Because neither $s_{X} (i, j)$ nor $s_{Y} (i, j)$ is constant, the variance of them is greater than zero. Thus, the denominator of equation (13) is greater than zero: $\begin{matrix} (14) & \sqrt{D (s_{X} (i, j)) \cdot D (s_{Y} (i, j))} > 0. \end{matrix}$

Step 2.

Factorizing the numerator of equation (13) by diagonalizing $M M^{T}$ .
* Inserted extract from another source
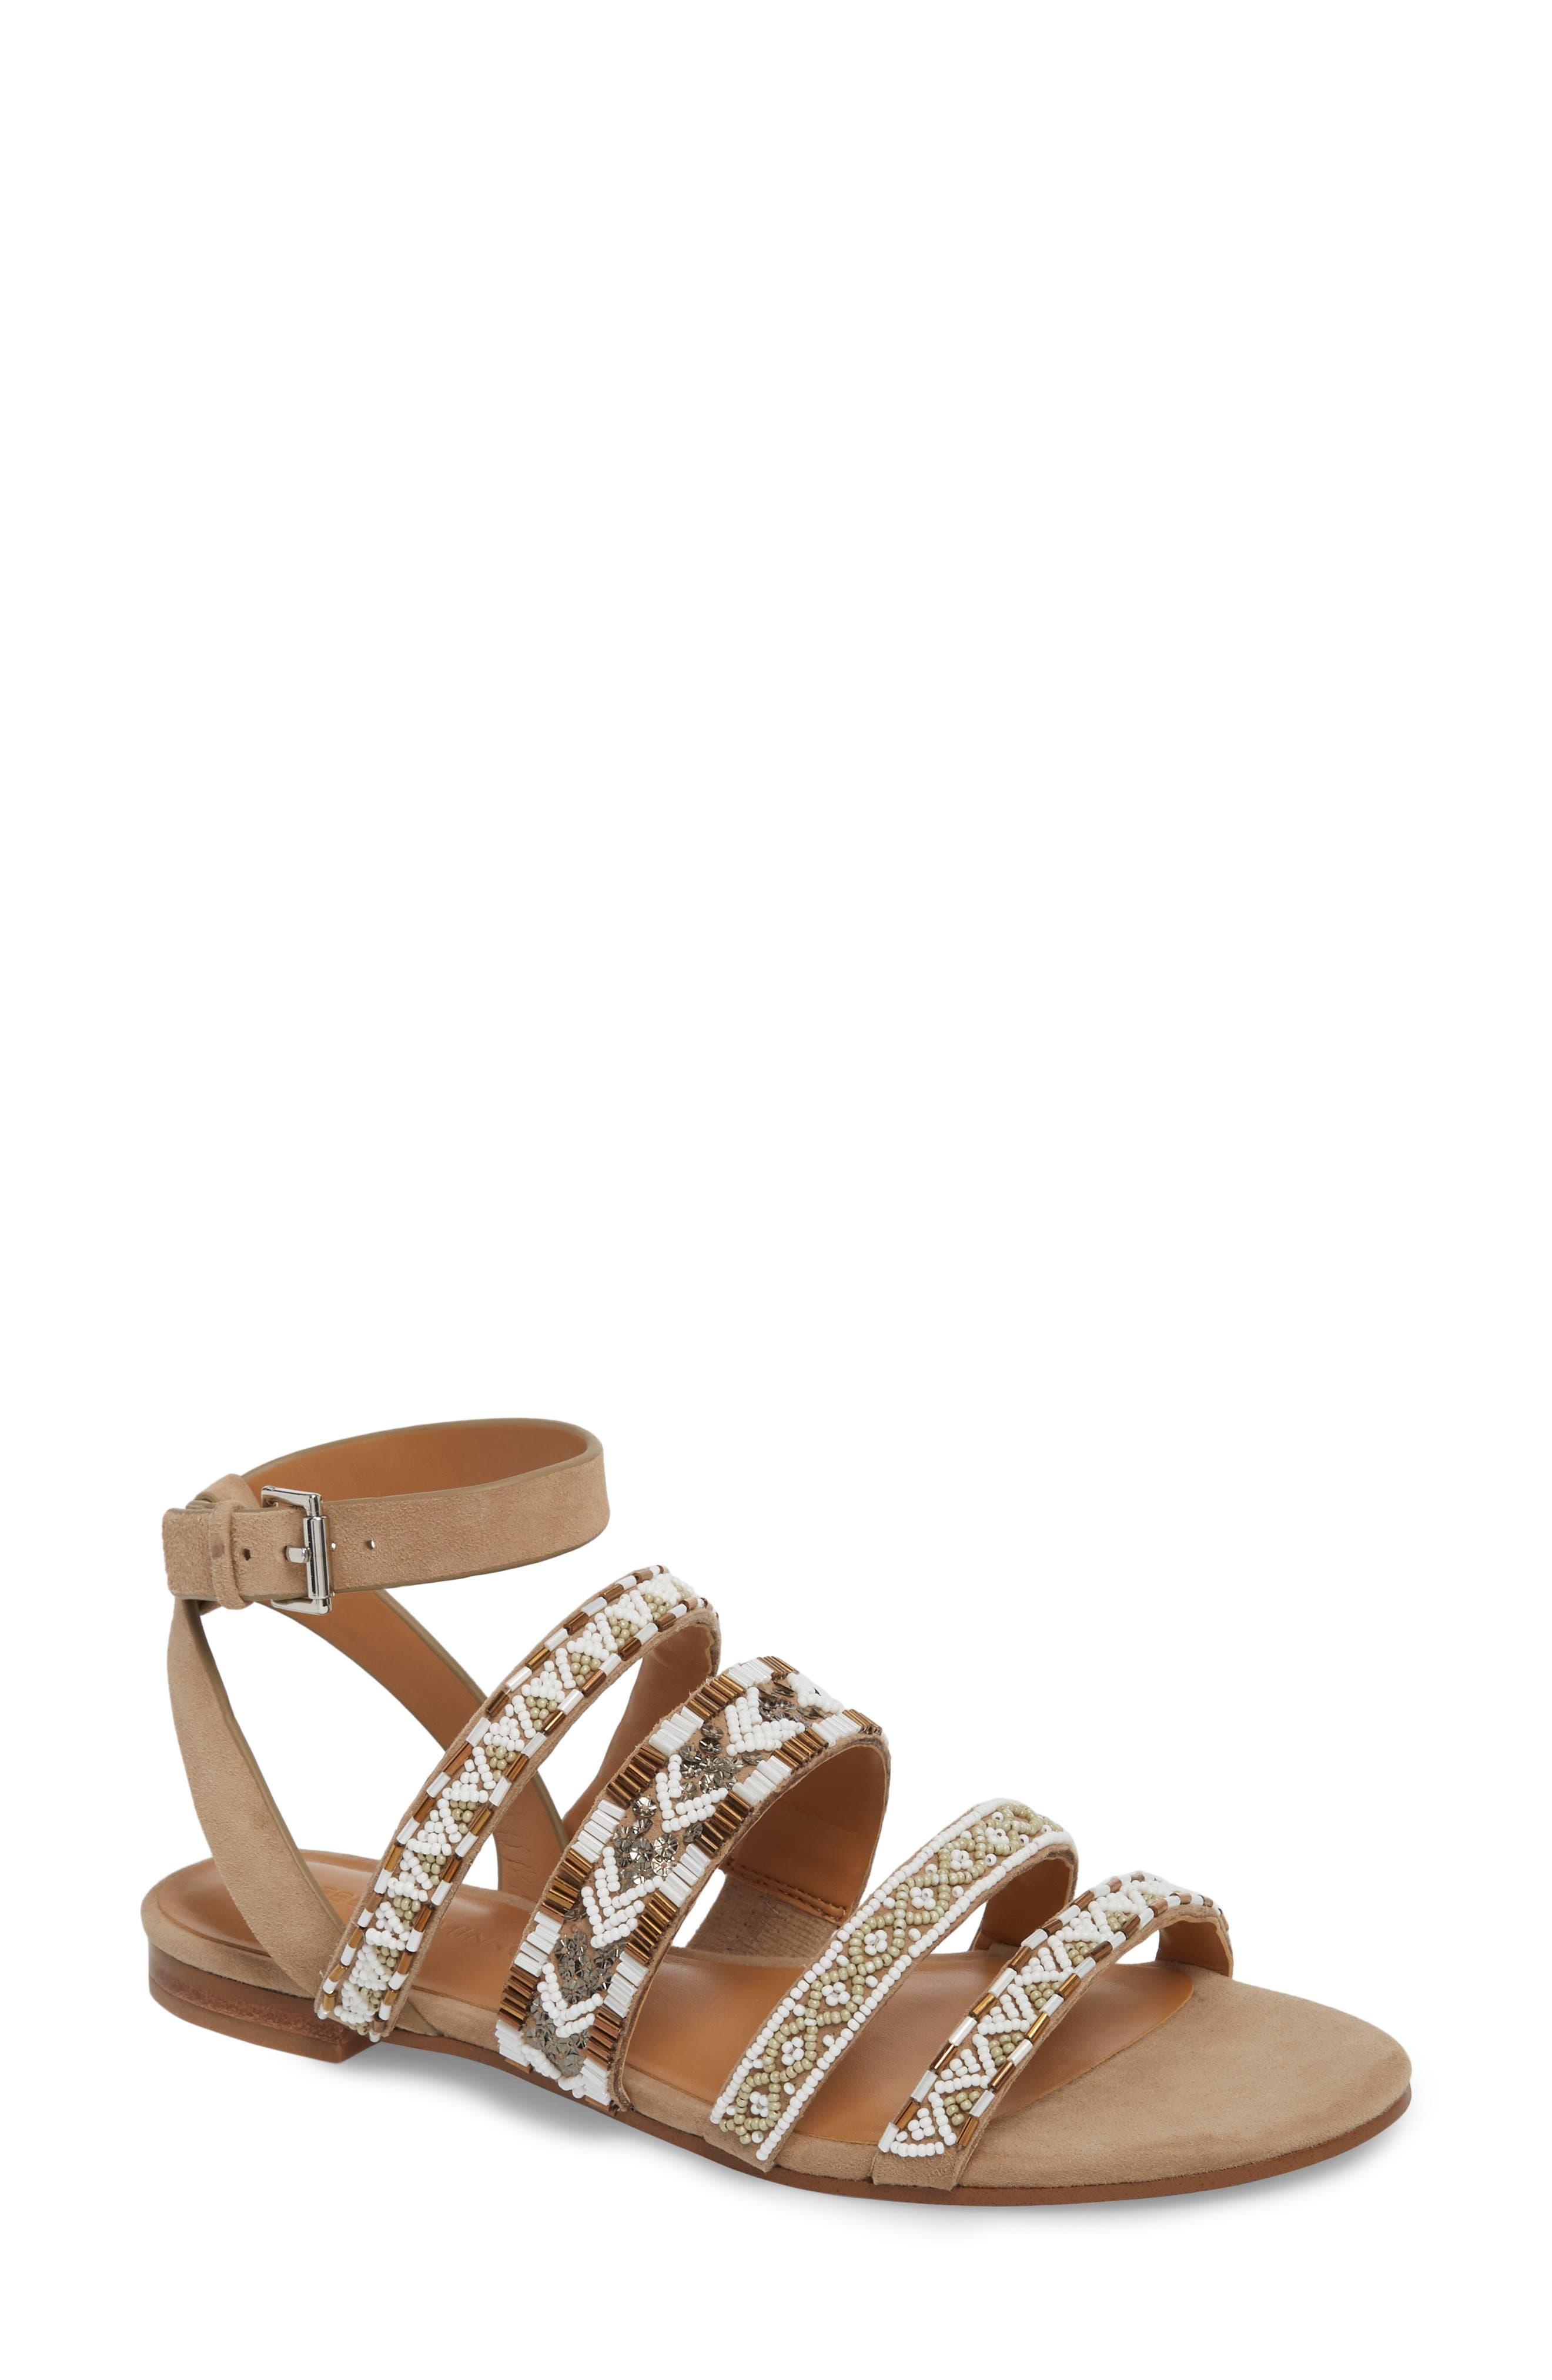 Leila Strappy Sandal,                         Main,                         color, Aztec Multi Suede

The covariance between $s_{X} (i, j)$ and $s_{Y} (i, j)$ is $\begin{matrix} (15) & Cov (s_{X} (i, j), s_{Y} (i, j)) = Cov (x_{i} x_{j}^{T}, x_{i} M M^{T} x_{j}^{T}) . \end{matrix}$

Because $M M^{T}$ is a real symmetric matrix, it can be diagonalized as $\begin{matrix} (16) & M M^{T} = P Λ P^{T}, \end{matrix}$ where $P = [p_{1}^{T}, \dots, p_{γ}^{T}, \dots, p_{d}^{T}] \in ℝ^{d \times d}$ , $p_{γ}^{T}$ is the $γ -$ th eigenvector of $M M^{T}$ , and $Λ$ is a diagonal matrix whose diagonal elements are eigenvalues of $M M^{T}$ . Thus, we have $\begin{matrix} (17) & x_{i} M M^{T} x_{j}^{T} = x_{i} P Λ P^{T} x_{j}^{T} = \sum_{γ = 1}^{d} λ_{γ} (x_{i} p_{γ}^{T}) (x_{j} p_{γ}^{T}) \sum_{γ = 1}^{d} λ_{γ} \sum_{μ = 1}^{d} \sum_{ν = 1}^{d} p_{γ μ} p_{γ ν} x_{i μ} x_{j ν}, \end{matrix}$ where $λ_{γ}$ is the $γ$ -th eigenvalue of $M M^{T}$ .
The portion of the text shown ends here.